21% HAMP First Year Redefault Rate
The Congressional Oversight Panel has a new HAMP report out. Like all COP reports, it's long and chock full o' analysis. There's an executive summary up front, but some of the most important points are only in the report proper (especially pp. 100-111). I think there are three big things to take away from the report:
- First, 21% of HAMP permanent modifications have redefaulted in their first year. That's ghastly given that HAMP permanent modifications have an additional 3 months of trial seasoning and fairly serious payment reductions. The fact that Treasury hasn't been reporting on this itself, much less analyzing the reasons for the redefaults is disgraceful.
- Second, if past trends continue, starting this month, there will be more HAMP redefaults each month than new permanent modifications.
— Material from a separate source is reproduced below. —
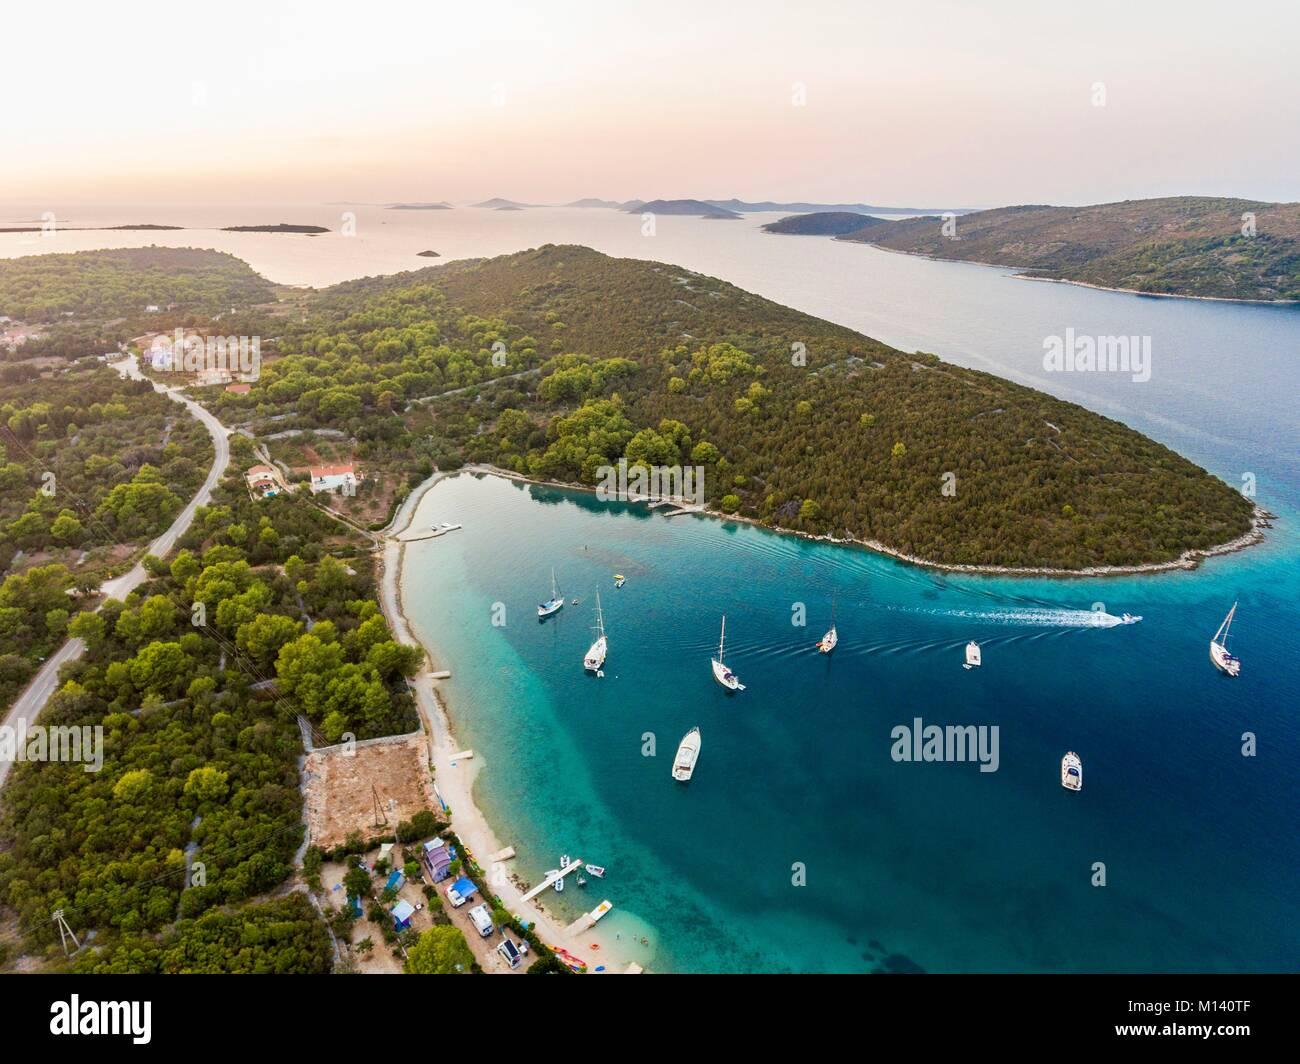 Croacia, Dalmacia del Norte, la costa dálmata, archipiélago de Zadar, Dugi Otok, Campings Verunic (vista aérea) Foto de stock

That means that the total number of active permanent modifications will peak at around 500,000 and decline.
- Third, it looks as if Treasury will only end up spending $4B for HAMP out of the $75B allocated for homeowner assistance.
My take: Treasury should shut down the program. At this point all it does it provide political cover for the failure to take meaningful steps to help homeowners and stabilize the housing market. But is anyone really buying it?
Treasury has publicly estimated that the redefault rate on HAMP permanent mods will be 40% over five year. Now, just one year into permanent mods, we have already reached a 21% redefault rate. There is no indication that the redefault rate is plateauing, and no reason to think that it will.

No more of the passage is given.